Typical speedup factors from vectorization:

  • Conditional Operations: 10-50x faster
  • Distance Calculations: 20-100x faster
  • Floyd-Warshall: 5-20x faster
  • Six-loop Tensors: 100-1000x faster
  • Matrix Chain: 2-10x faster
  • J-Integral: 50-200x faster
  • Spring Energy: 50-500x faster

Results vary with problem size and hardware

🧠 Key Concepts

  • Vectorization: Converting operations into array-level computations to eliminate explicit loops
  • Broadcasting: NumPy's ability to perform operations on arrays of different shapes without explicit data replication
  • Element-wise Operations: Applying functions to entire arrays simultaneously
  • Boolean Indexing: Using boolean arrays to filter and select data efficiently
  • Memory Layout Optimization: Leveraging contiguous memory access patterns for better performance

🎓 Learning Path

Beginner → Intermediate → Advanced

  1. Start Here: code.before.after/0.Vectorize_loop_with_conditionals
  2. Build Understanding: Work through all before/after examples
  3. Dive Deeper: Read theoretical documentation (*.md files)
  4. Practice: Apply techniques to your own problems
  5. Verify: Use validation script to check your implementations

🤝 Contributing

Contributions are welcome!
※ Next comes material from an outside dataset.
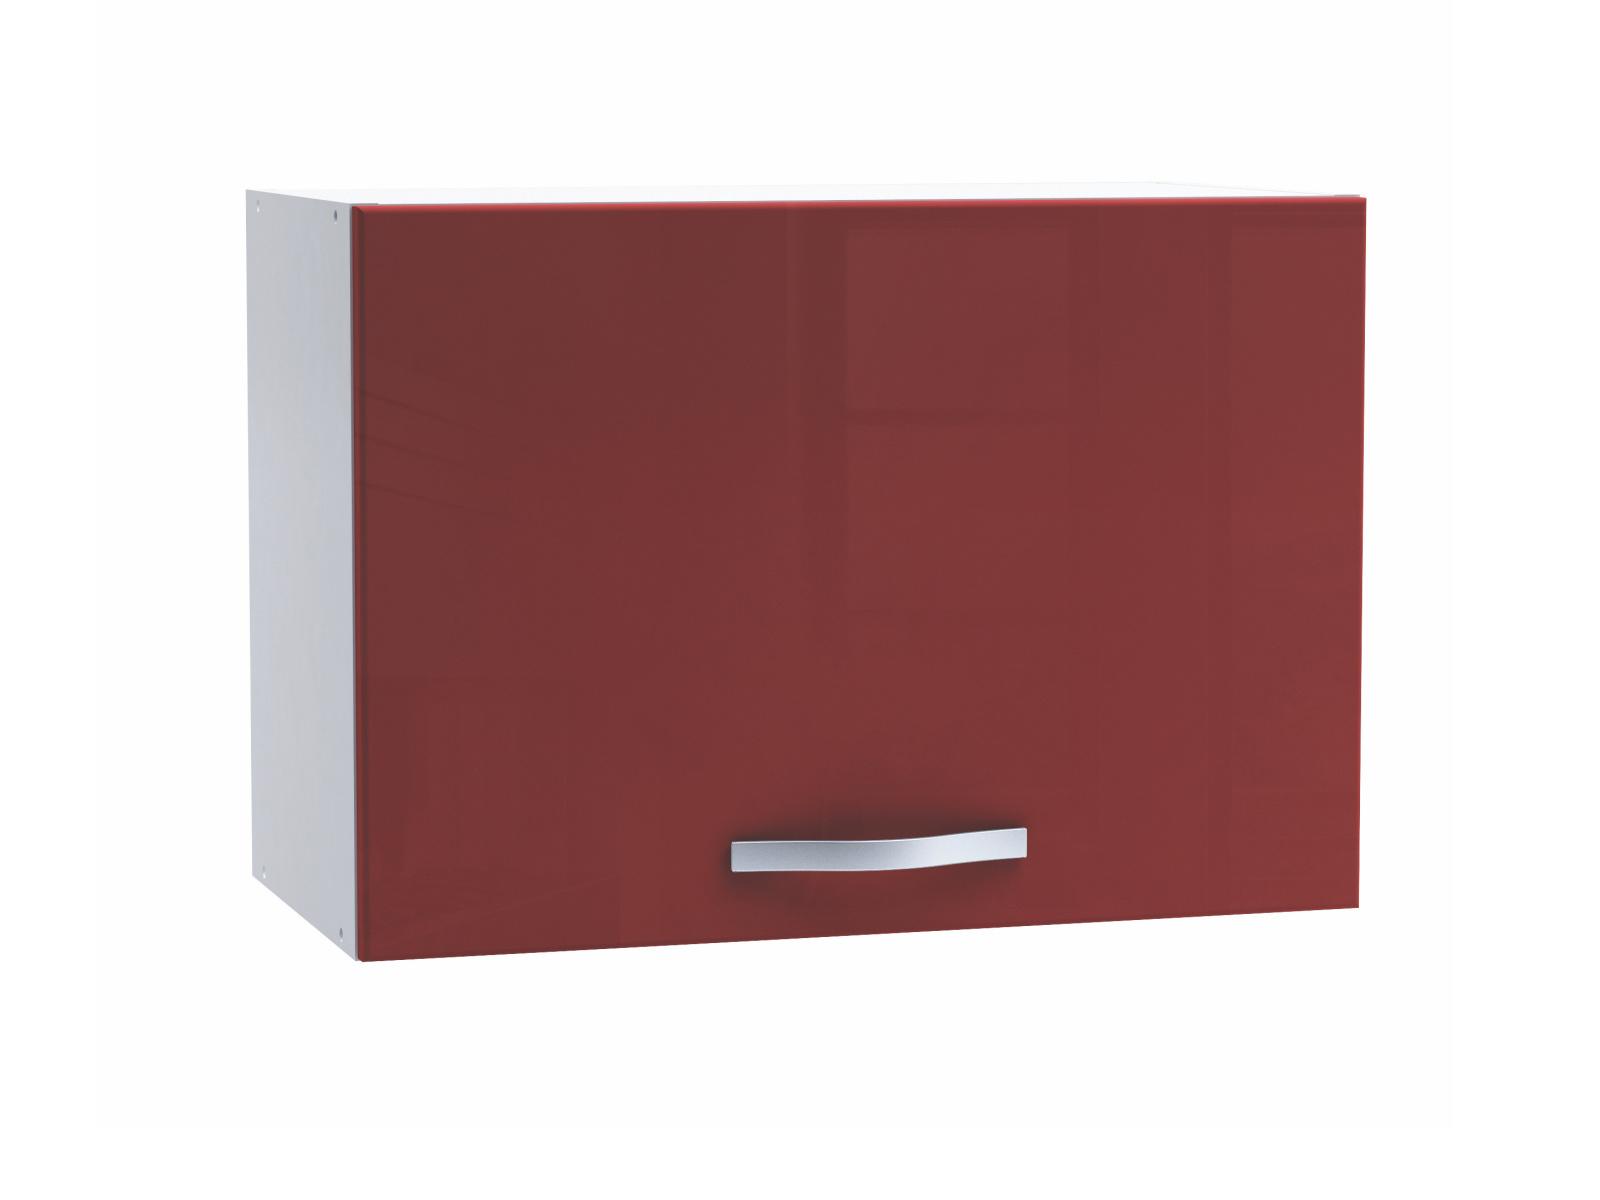 DEMEYERE CHERY, skříňka výklopná 60 cm, bílá/červený lesk

Please feel free to:

  • Add new vectorization examples
  • Improve documentation
  • Report issues or suggest improvements
  • Share your own before/after transformations

📄 License

This project is open source and available under the Apache License 2.0.


Happy Vectorizing! 🚀

"The best way to learn vectorization is to see the transformation happen step by step."